J. Additional Investigative Resources
The claims representative should be aware of additional resources available in the investigation of fraudulent theft claims. These resources can supplement the investigation into a loss and sometimes provide information beyond the reach of the company.
The ISO All Claims Database is a national database of claims maintained and indexed by names of insureds and other parties to the claim (including mortgagees, public adjusters and attorneys). When new information about a claim is submitted for reporting, any prior claims on file involving the same parties will be identified and provided to the reporting company. In this way, the claims representative can identify an insured who has been involved with prior insurance claims which may have particular significance to the claim under investigation.
Most states have a Division of Insurance Fraud responsible for the investigation and prosecution of insurance fraud schemes. These agencies have extensive resources for the investigation of fraudulent claims, including subpoena process and arrest powers. In referring a suspected claim to the Division of Insurance Fraud, nearly every state provides a statutory grant of immunity from suit to the insurance carriers reporting such claims.
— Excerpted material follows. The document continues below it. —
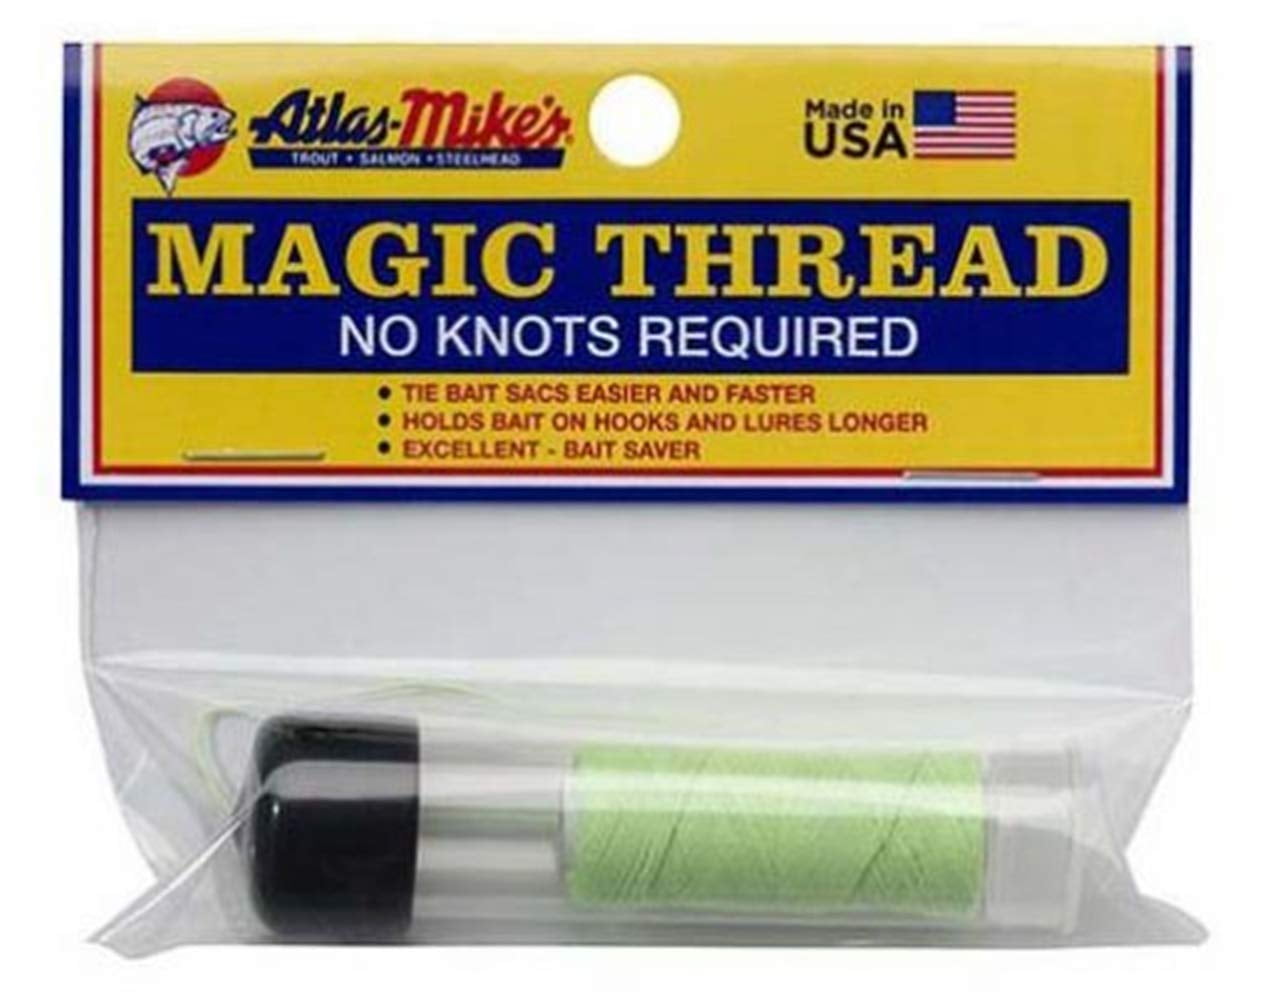 Atlas Magic Thread with Dispenser Chartreuse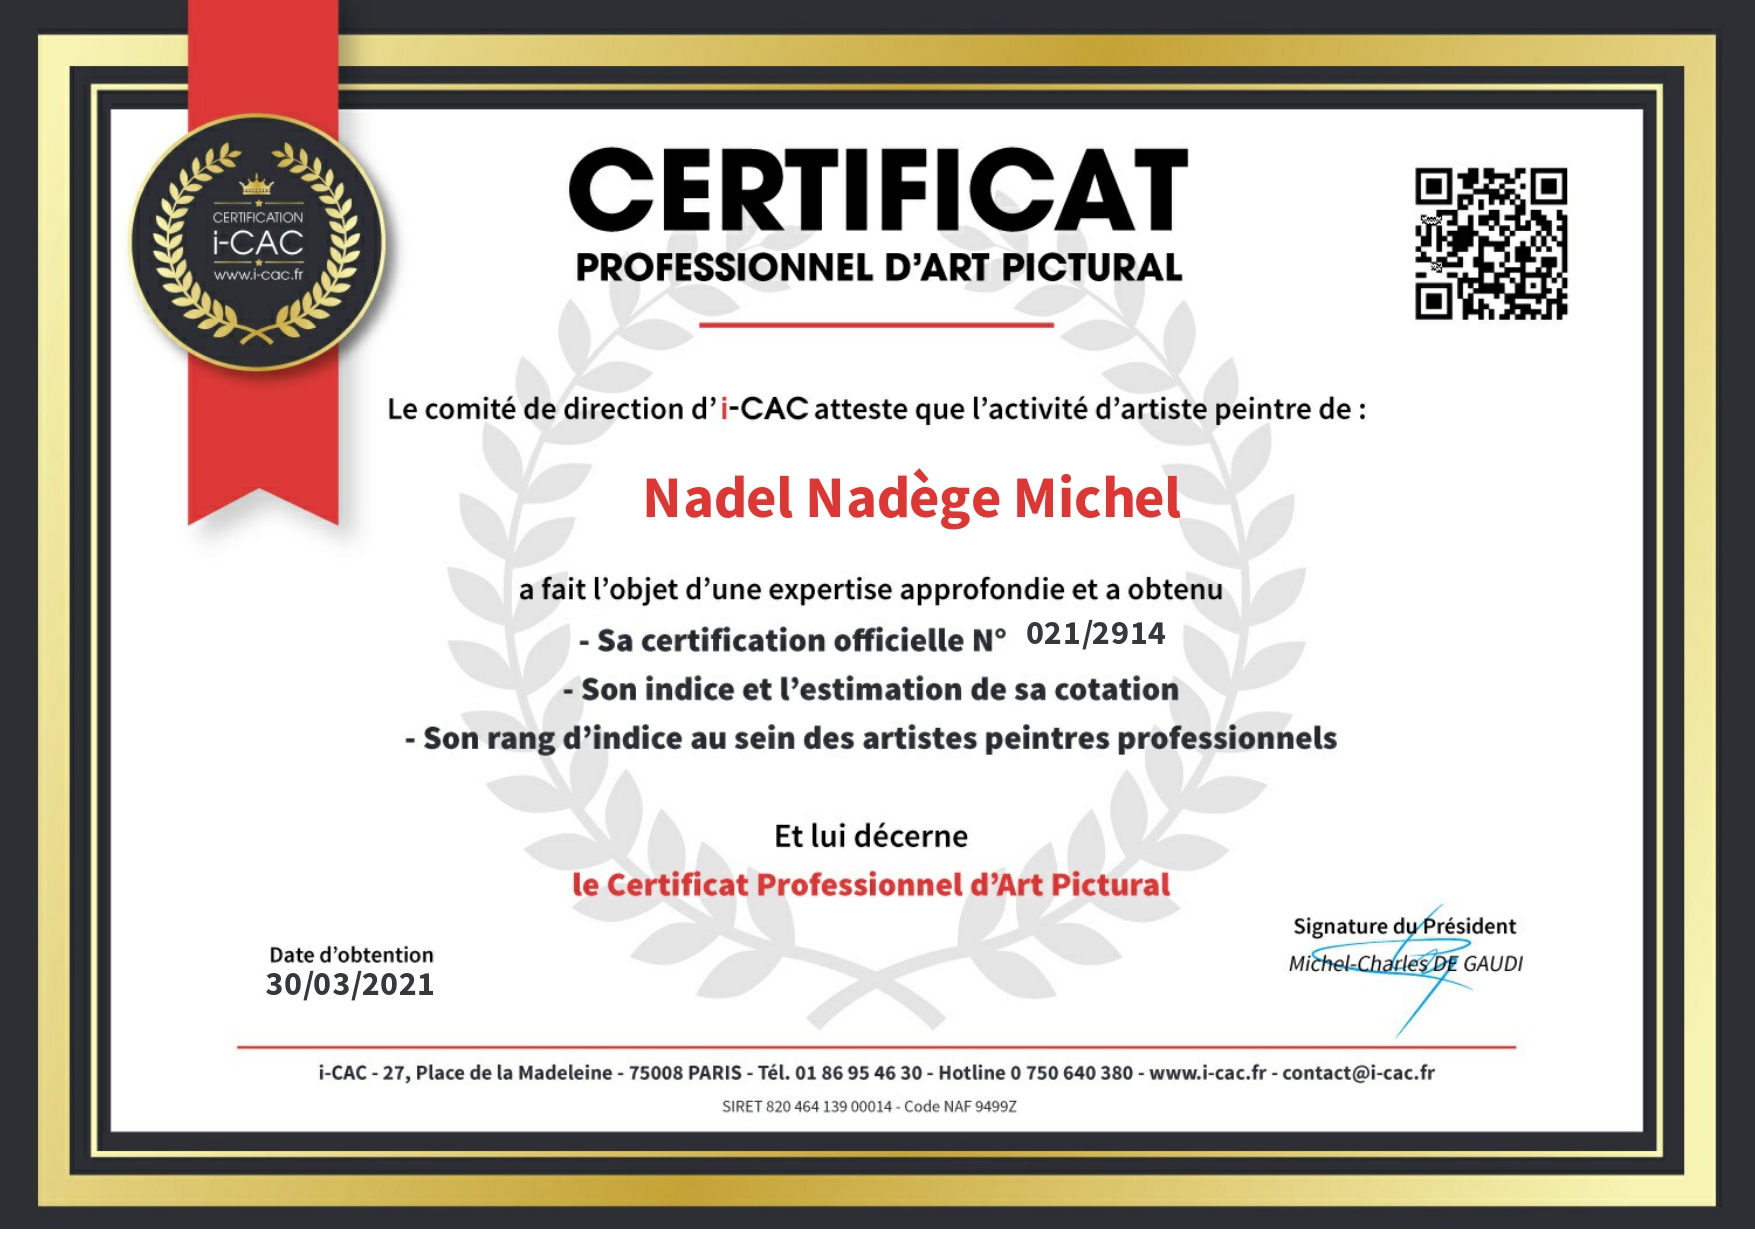 certificat-professionnel-d'art pictural icac-michel-nadel-nadege

The National Insurance Crime Bureau (NICB) is an independent investigative agency operating in conjunction with local law enforcement authorities. Although NICB will rarely share information about an ongoing investigation, their efforts frequently result in the identification and arrest of individuals responsible for insurance fraud crimes. Since its creation in 1972, NICB has directed investigations resulting in over ten thousand arrests on criminal charges.
There are additional organizations and groups, including local organizations, which can provide assistance and information to the claims representative handling a suspicious claim. An awareness of these organizations can facilitate the investigation of claims and the identification of fraudulent losses.